Show Abstract | Download Original | Original Source | Check in Google Scholar | DOI: 10.32493/JJSDM.v9i2.59252

Abstract

In recent years, an increasing number of Indonesian youth have expressed a desire to seek better opportunities and life prospects abroad. One of the hashtags widely used to articulate this aspiration is #KaburDuluAja. This hashtag has emerged as an expression of emotions, anxiety, and even frustration among certain segments of society, particularly the younger generation, in response to the current social, economic, and political conditions in Indonesia.

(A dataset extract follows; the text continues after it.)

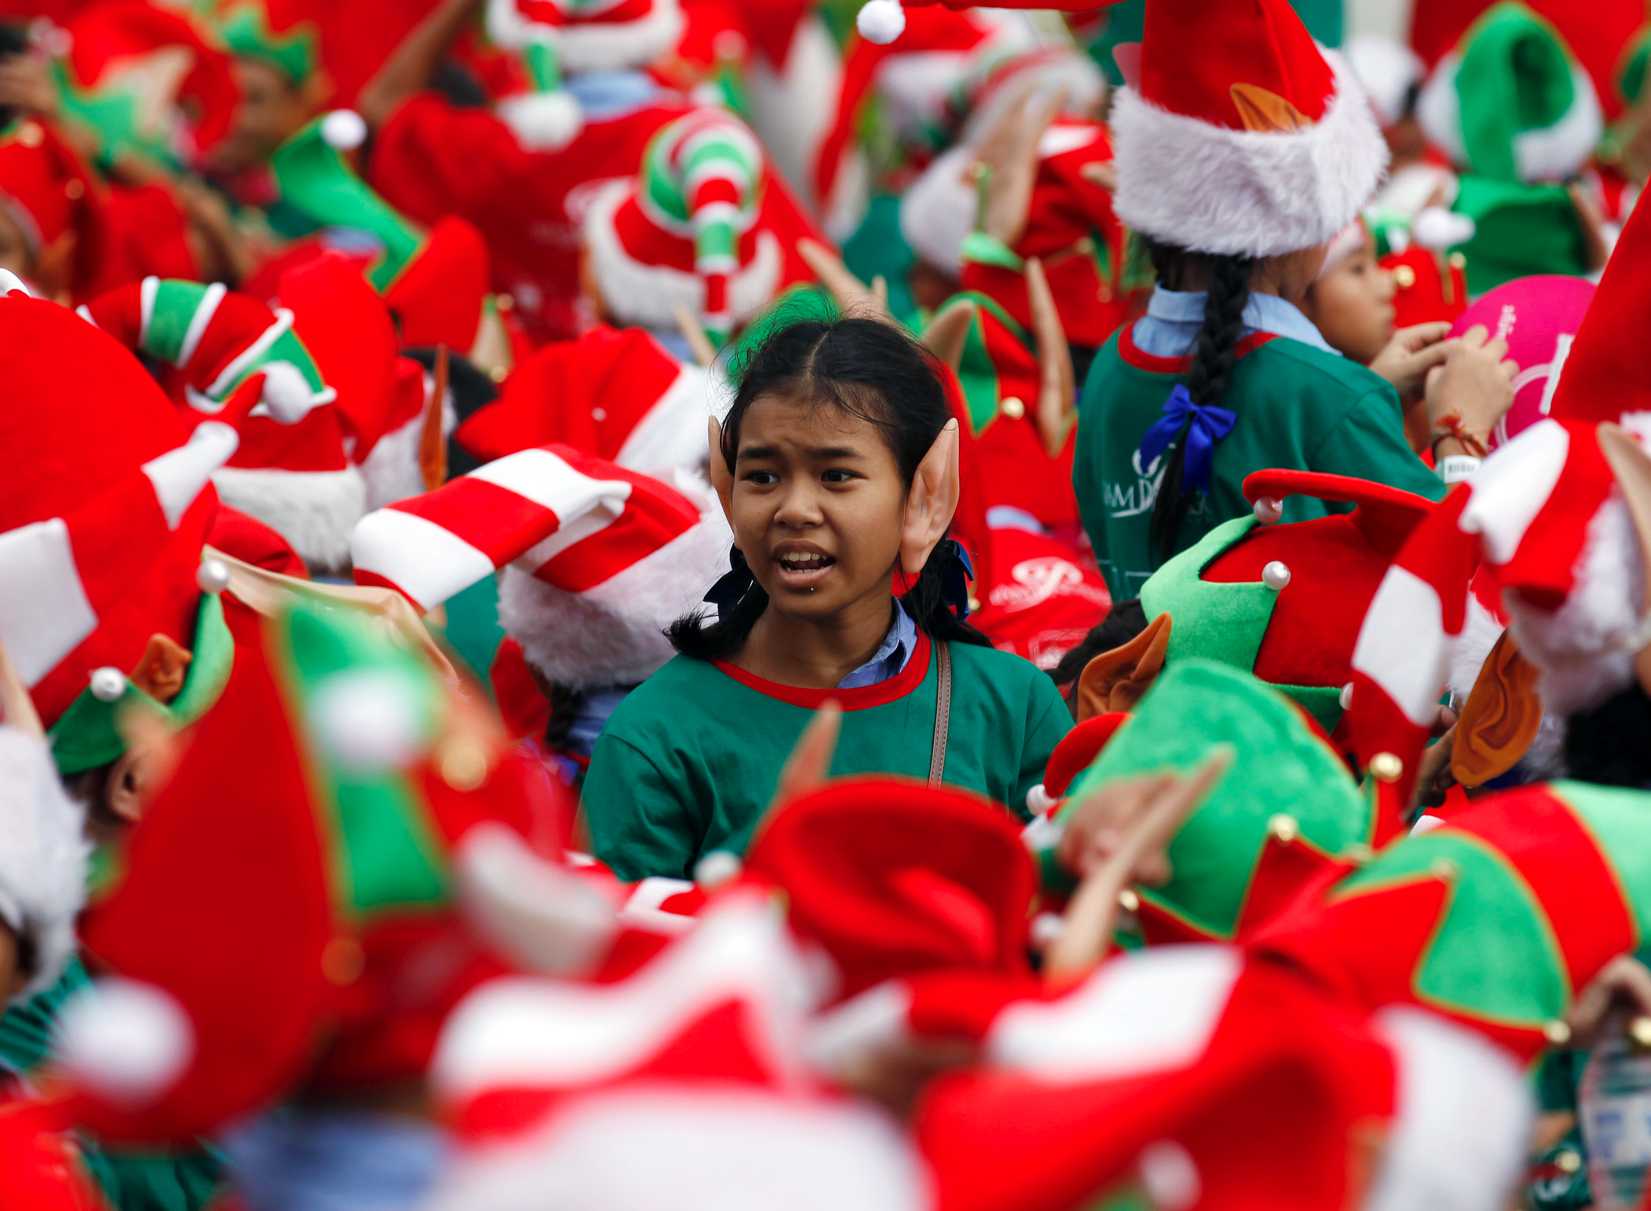 Students gather to break the Guinness World Record for the largest gathering of Christmas elves outside a shopping mall in Bangkok on Nov. 25, 2014 (Chaiwat Subprasom—Reuters)

This study aims to comprehensively examine the phenomenon of public discourse on social media related to the #KaburDuluAja hashtag as a reflection of the potential for brain drain in Indonesia. To achieve this objective, a hybrid approach is employed, integrating Clustering, Association Rule Mining, and Sentiment Classification methods. The research adopts a quantitative approach supported by text mining techniques and social media data analysis. Furthermore, this study is both descriptive and predictive in nature. The research does not focus on a specific geographical location; rather, it examines public conversations on social media platforms, particularly Twitter (currently known as X). The data utilized in this study were collected through a web crawling process. The findings indicate that public conversations related to the #KaburDuluAja phenomenon can be categorized into five main clusters. The evaluation of several classification models reveals that the Naïve Bayes algorithm achieves the highest accuracy in predicting sentiment, reaching 99.85%. The K-Nearest Neighbor (KNN) model achieves an accuracy of 75.79%, while the Decision Tree and Random Forest models demonstrate relatively lower performance, with accuracy levels around 60%. The #KaburDuluAja phenomenon is not merely a form of humor or casual expression on social media; rather, it represents a genuine reflection of social unrest, particularly concerning employment opportunities, welfare conditions, and the future prospects of Indonesia’s younger generation.